Search code examples
azure-devopsyamldatabricksazure-databricks

How to schedule a Databricks notebook and run a different notebook from the same Devops pipeline


I am trying to schedule notebook1 and I want to just run notebook2 only once using the devops pipeline. Please find the below code I used.

- task: Bash@3
  displayName: 'Schedule Databricks Notebook'
  inputs:
    targetType: 'inline'
    script: | 
      
      databricksUrl='https://adb-13946046.6.azuredatabricks.net/api/2.0'
      notebookPath1='/Users/user/notebook1.py'
      notebookPath2='/Users/user/notebook2.py'
      

      jobName='ScheduledJobName1'
      jobName2='testjob'

      requestUri="$databricksUrl/jobs/create"
      requestUriRun="$databricksUrl/jobs/run-now"

      body='{
        "name": "'$jobName'",
        "new_cluster": {
          "spark_version": "7.0.x",
          "node_type_id": "Standard_DS3_v2",
          "num_workers": 0
        },
        "notebook_task": {
          "notebook_path": "'$notebookPath1'"
        },
        "schedule": {
            "quartz_cron_expression": "45 10 * * * ?",
            "timezone_id": "Canada/Eastern"
        }
      }'

      body2='{
        "name": "'$jobName2'",
        "new_cluster": {
          "spark_version": "7.0.x",
          "node_type_id": "Standard_DS3_v2",
          "num_workers": 0
        },
        "notebook_task": {
          "notebook_path": "'$notebookPath2'"
        }
      }'

      # Make the API request
      curl -X POST -H "Authorization: Bearer $(token)" -H "Content-Type: application/json" -d "$body" "$requestUri"
      curl -X POST -H "Authorization: Bearer $(token)" -H "Content-Type: application/json" -d "$body2" "$requestUriRun"

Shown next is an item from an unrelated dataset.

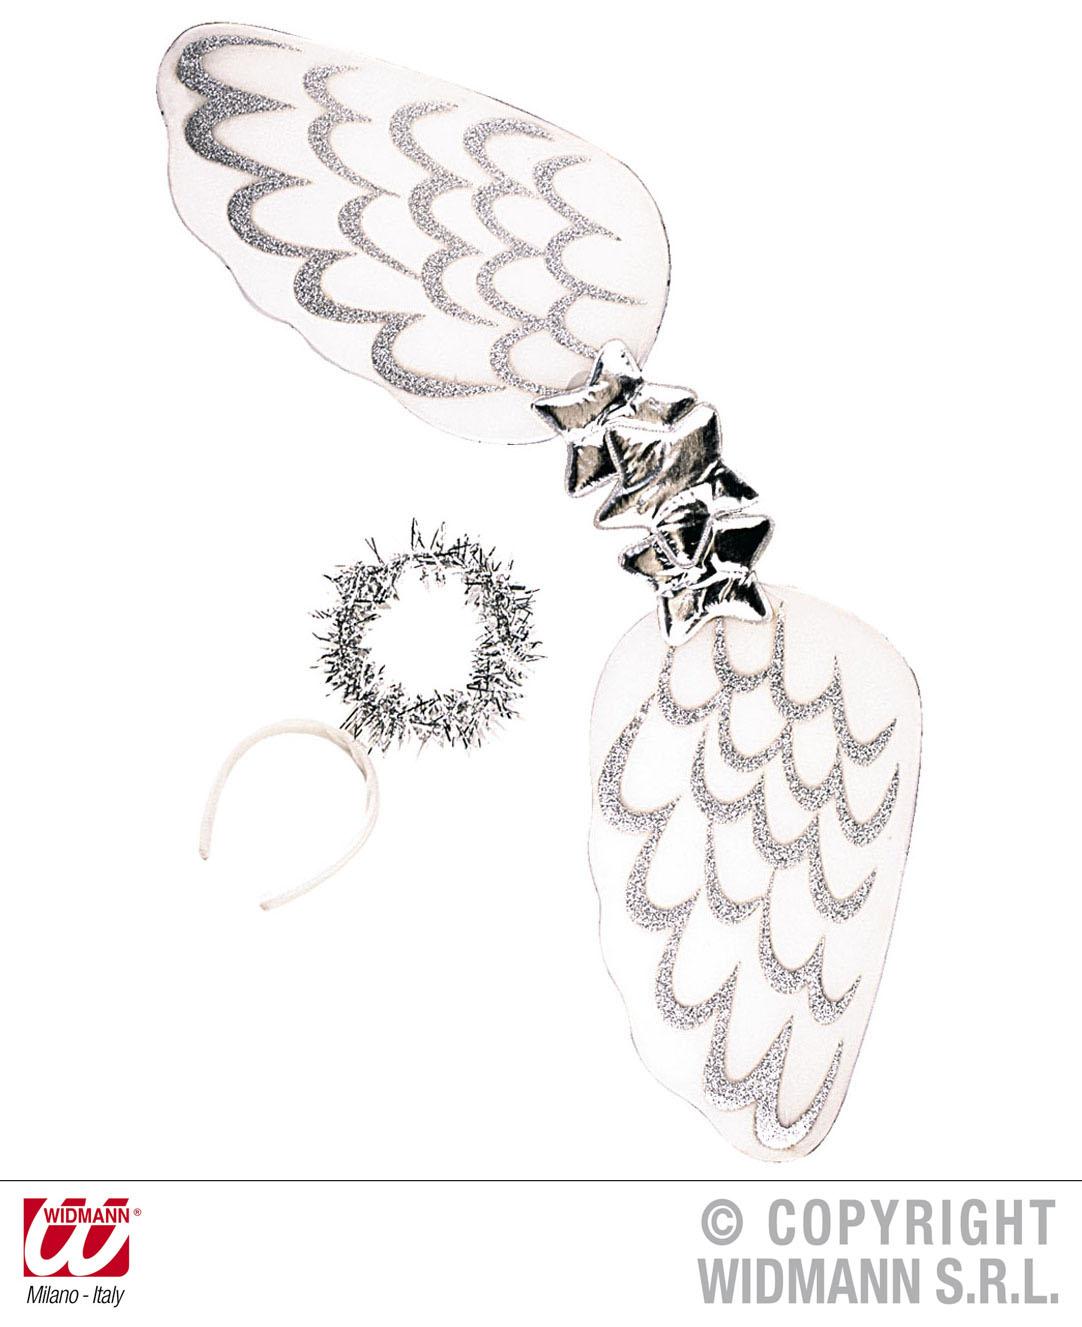 Angel Dress-up Set - White/Silver Christmas Fancy Dress Accessory
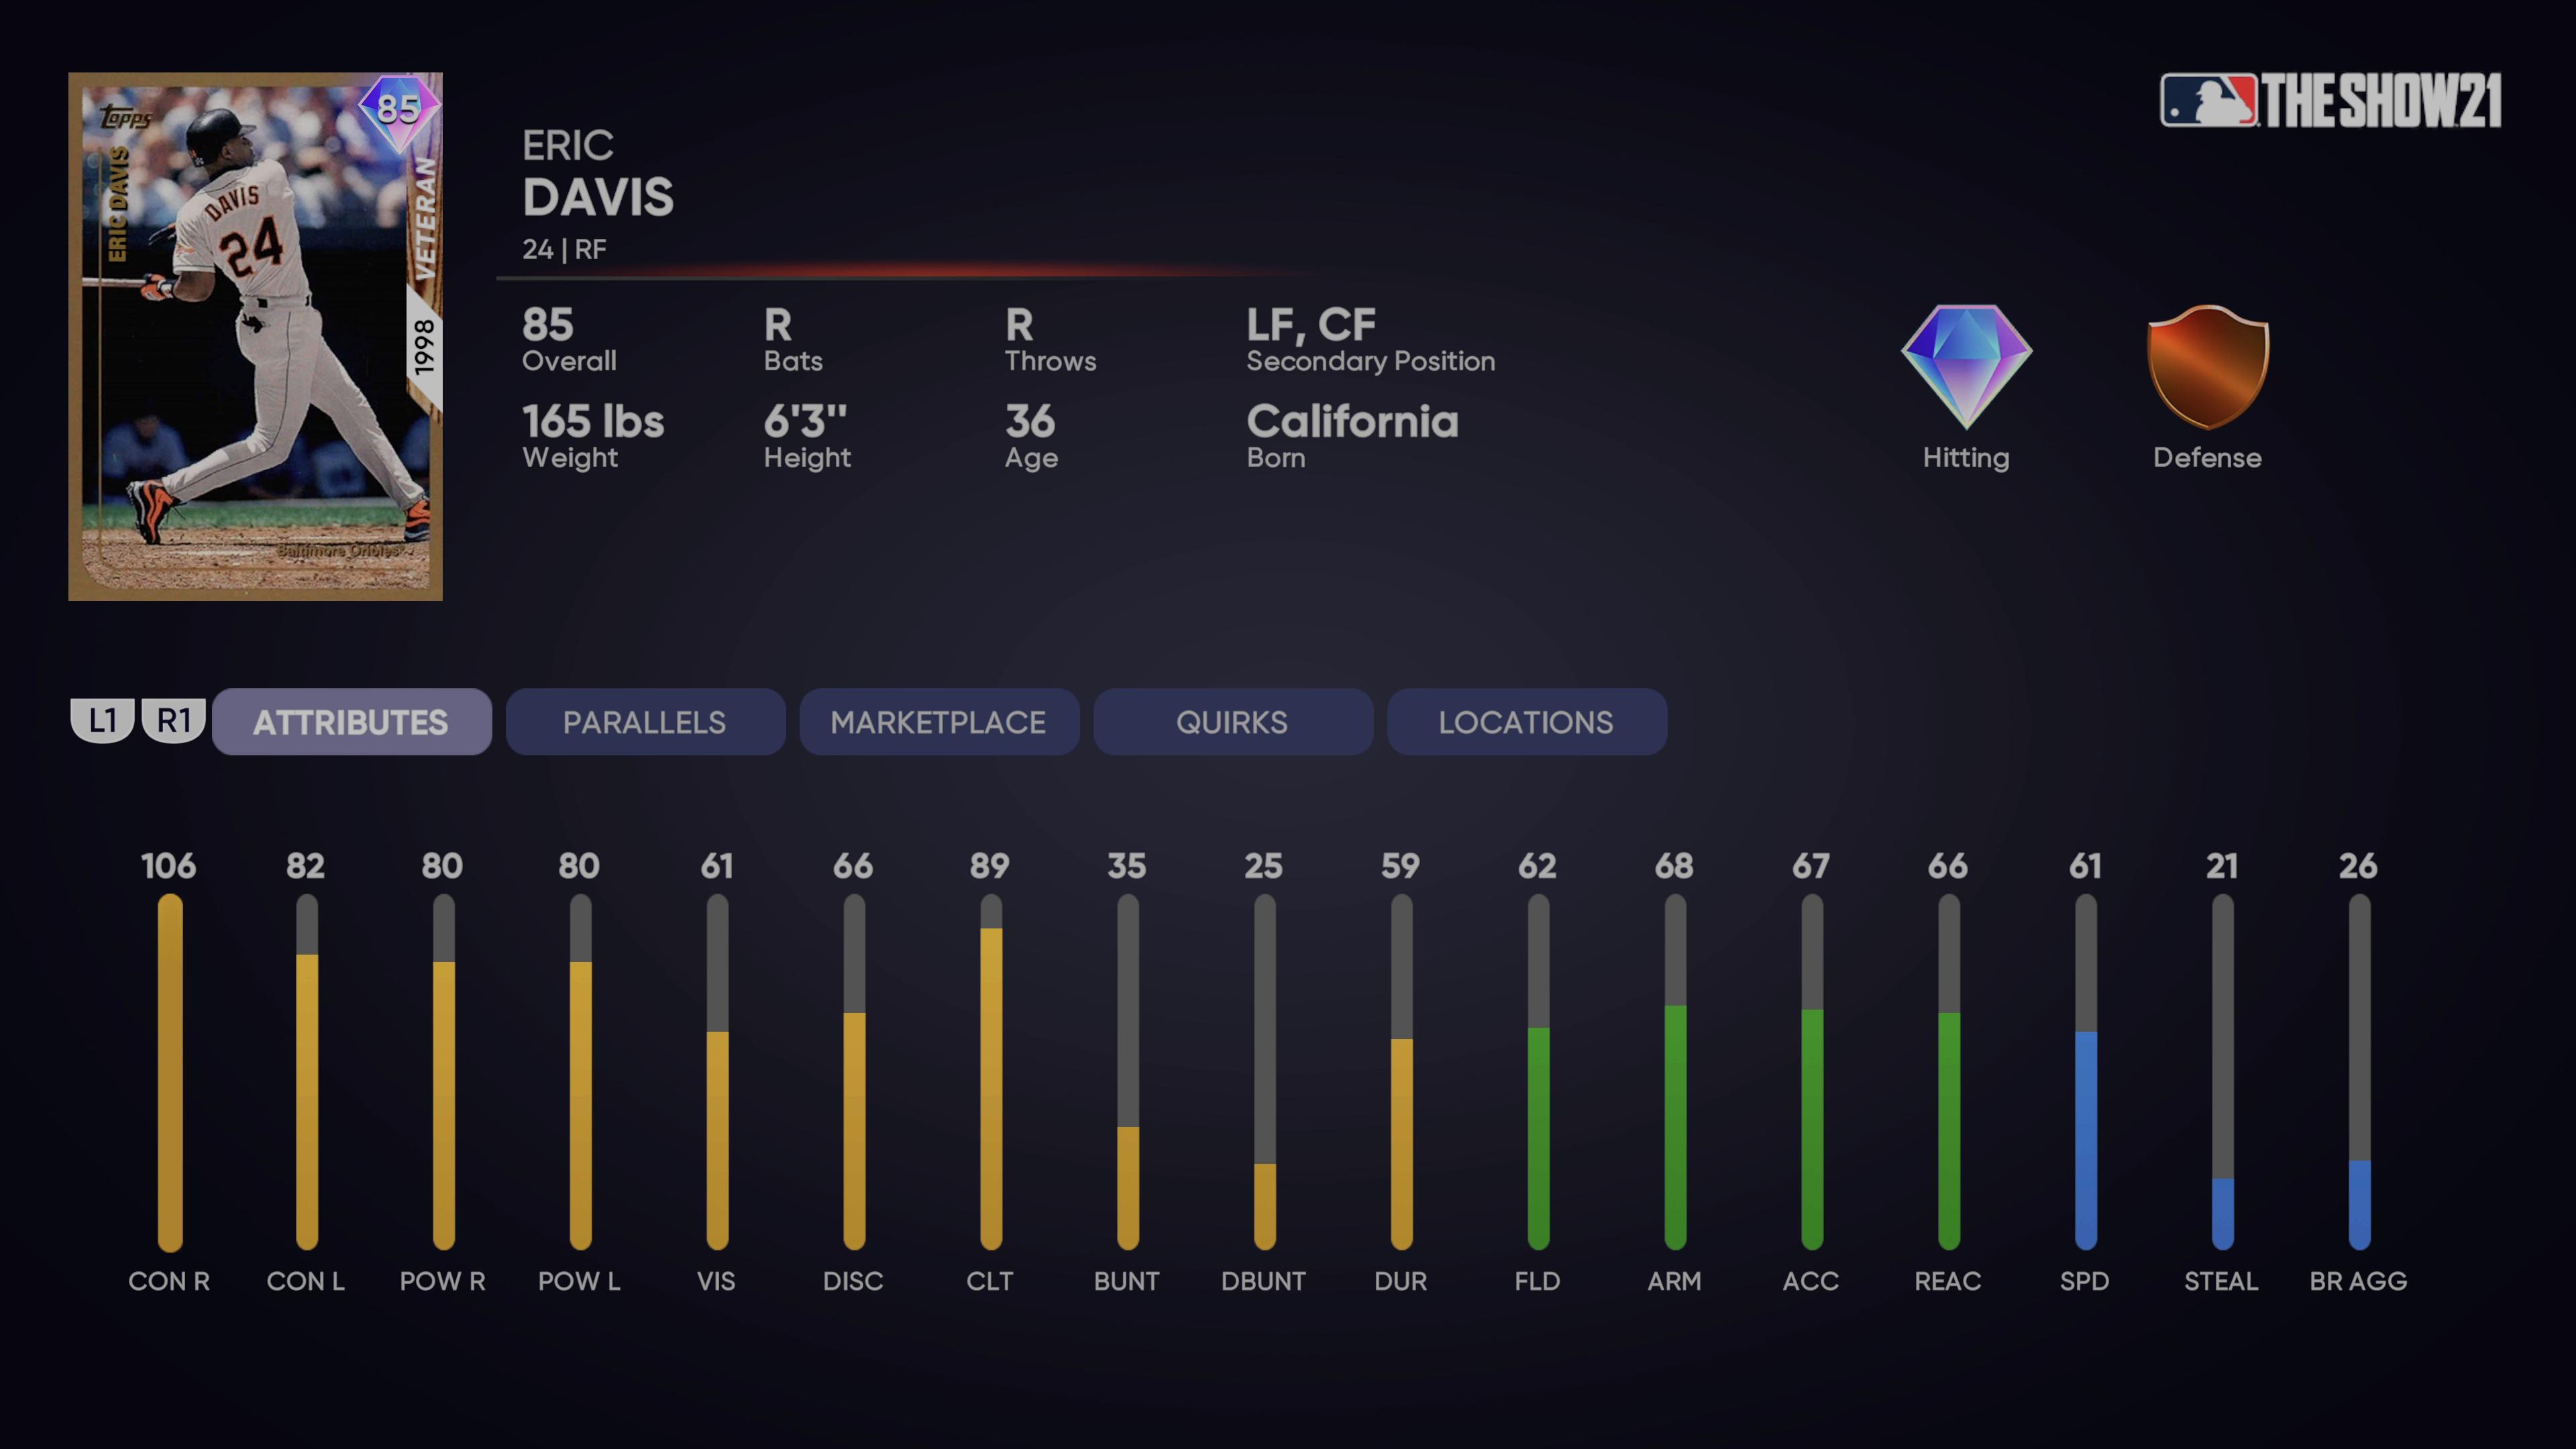 MLB The Show 21 - veteran eric davis attributes

But I only see notebook1 is scheduled and notebook2 is not run. Please assist.

Thanks


Solution

  • The jobs/run-now endpoint allows you to run an existing job by specifying its job ID. You need to predefine the job and get the job id.

    For example, i created a notebook with code inside:

    x = int(dbutils.widgets.get("x"))
    y = int(dbutils.widgets.get("y"))
    
    # Perform some calculation
    z = x + y
    
    # Return the output as JSON
    import json
    output = {"result": z}
    dbutils.notebook.exit(json.dumps(output))
    

    Then create a job jobtest in workflow, get the jobid from browser:

    enter image description here

    To trigger the job, use rest api code below in devops yaml:

    - task: Bash@3
      displayName: 'Schedule Databricks Notebook'
      inputs:
        targetType: 'inline'
        script: | 
          databricksUrl='https://adb-8152044424115302.3.azuredatabricks.net/api/2.0'
          requestUriRunnow="$databricksUrl/jobs/run-now"
    
          body3='{
            "job_id": 880800206549193,
            "notebook_params": {
                "x": "30",
                "y": "50"
              }
          }'
          # Make the API request
          curl -X POST -H "Authorization: Bearer $(token)" -H "Content-Type: application/json" -d "$body3" "$requestUriRunnow"
    

    It runs the job with parameters defined on databricks:

    enter image description here

    Another endpoint is jobs/runs/submit, it allows you to create and run a one-time job run without creating a job.

    yaml sample:

    - task: Bash@3
      displayName: 'Schedule Databricks Notebook'
      inputs:
        targetType: 'inline'
        script: | 
          databricksUrl='https://adb-8152044424015301.3.azuredatabricks.net/api/2.0'
          notebookPath1='/Users/user/Notebook2'
          requestUriRun="$databricksUrl/jobs/runs/submit"
          body='{
                    "run_name": "test-run",
                    "new_cluster": {
                      "spark_version": "7.3.x-scala2.12",
                      "node_type_id": "Standard_DS3_v2",
                      "num_workers": 1
                    },
                    "notebook_task": {
                      "notebook_path": "'$notebookPath1'",
                      "base_parameters": {
                          "x": "15",
                          "y": "20"
                      }
                    }
          }'
    
          # Make the API request
          curl -X POST -H "Authorization: Bearer $(token)" -H "Content-Type: application/json" -d "$body" "$requestUriRun"
    

    Check jobs run:

    enter image description here